Details of the recruitment process and the demographics of the sample can be found elsewhere [9]. From 77 individuals initially evaluated, serological biomarkers data were obtained from 67 (87%), which were included in this analysis. No differences in clinical data between the included patient in the original paper and those included here were observed. Participants were assessed a mean of 6 (SD 0.8) months after hospitalization. Twenty-four (35.8%) patients reported sensitization-associated post-COVID-19 symptoms (CSI ≥ 40/100 points). Subjects reporting sensitization-associated symptoms had lower ferritin (p = 0.035) and hemoglobin (p = 0.015) levels than those not reporting sensitization-associated post-COVID-19 symptoms; however, the differences were small (Table 1).

Table 1.

Laboratory biomarkers of COVID-19 patients according to the presence or absence of sensitization-associated symptoms.

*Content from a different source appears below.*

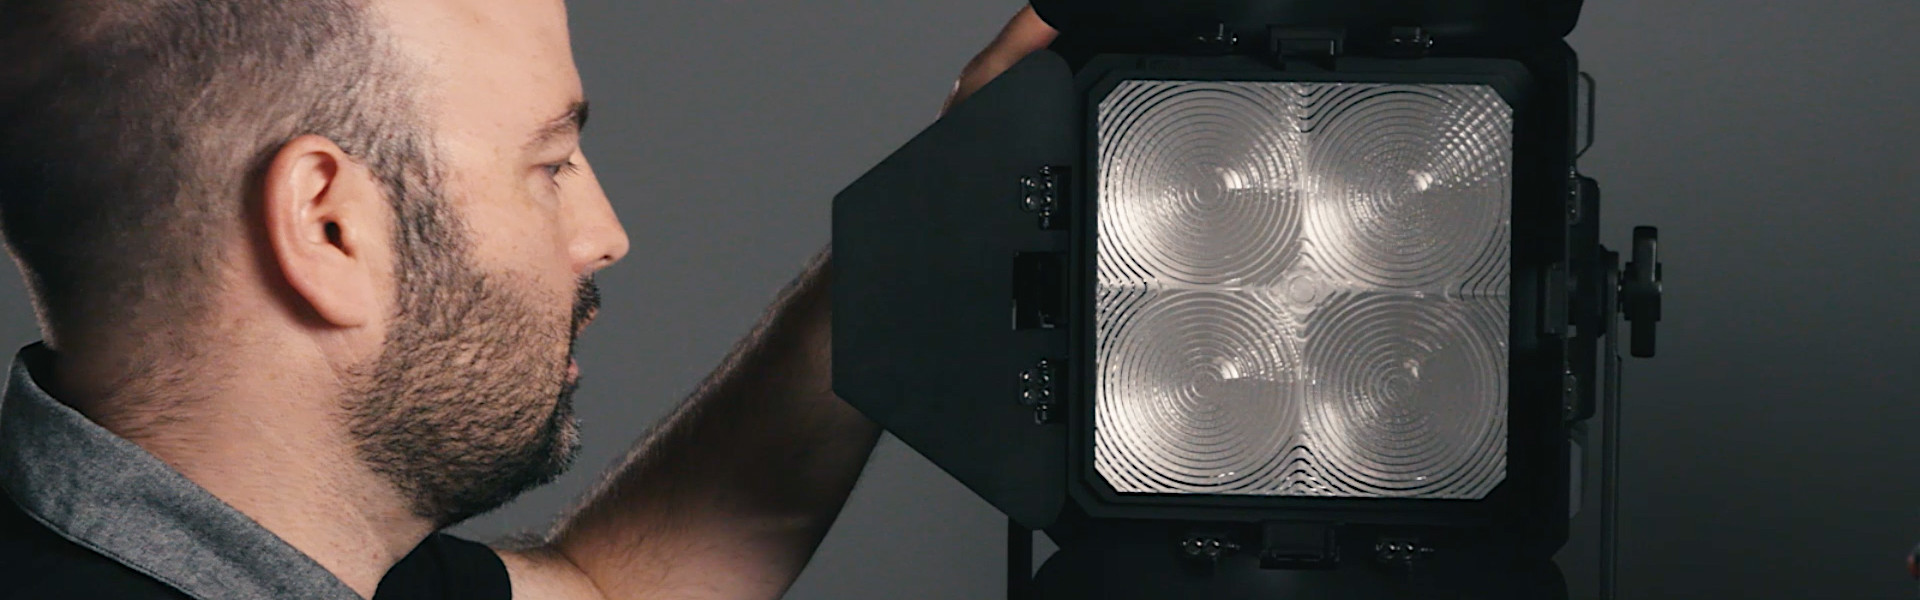 Header image for article At the Bench with Jem Schofield: Fiilex Matrix LED Panel Light

CSI ≥ 40 Points (n = 24) CSI < 40 Points (n = 43) p
Glucose (mg/mL) 105.3 (21.9) 117.1 (45.0) 0.394
Creatinine (mg/dL) 0.9 (0.45) 0.9 (0.3) 0.855
Alanine transaminase (ALT, U/L) 24.5 (12.5) 25.6 (10.5) 0.599
Aspartate transaminase (AST, U/L) 22.6 (7.5) 22.7 (6.0) 0.967
Lactate dehydrogenase (LDH, U/L) 215.2 (41.8) 205.2 (42.1) 0.346
Creatine kinase (CK, mg/dL) 0.9 (0.35) 1.3 (1.75) 0.153
Albumin (g/dL) 4.5 (0.3) 4.5 (0.2) 0.626
Ferritin (ng/mL) * 83.9 (67.6) 158.25 (161.8) 0.024 *
Leucocytes (×109/L) 7.05 (1.6) 7.25 (1.5) 0.491
Lymphocytes (×109/L) 3.2 (0.6) 3.2 (0.8) 0.899
Eosinophils (×109/L) 3.25 (3.4) 2.4 (1.95) 0.223
Hemoglobin (g/dL) * 13.55 (1.6) 14.4 (1.2) 0.047 *
Platelets (×109/L) 252.5 (66.1) 244.7 (54.4) 0.588
(ESR, mm/h) 11.6 (10.7) 11.9 (13.1) 0.908
Fibrinogen (mg/dL) 418.1 (74.5) 408.2 (94.0) 0.608
L-dimer (ng/mL) 591.25 (470.9) 535.5 (621.5) 0.734
Open in a new tab

ESR—erythrocyte sedimentation rate; n—number; SD—standard deviation. * significant differences between subjects with and without sensitization-associated symptoms (p < 0.05).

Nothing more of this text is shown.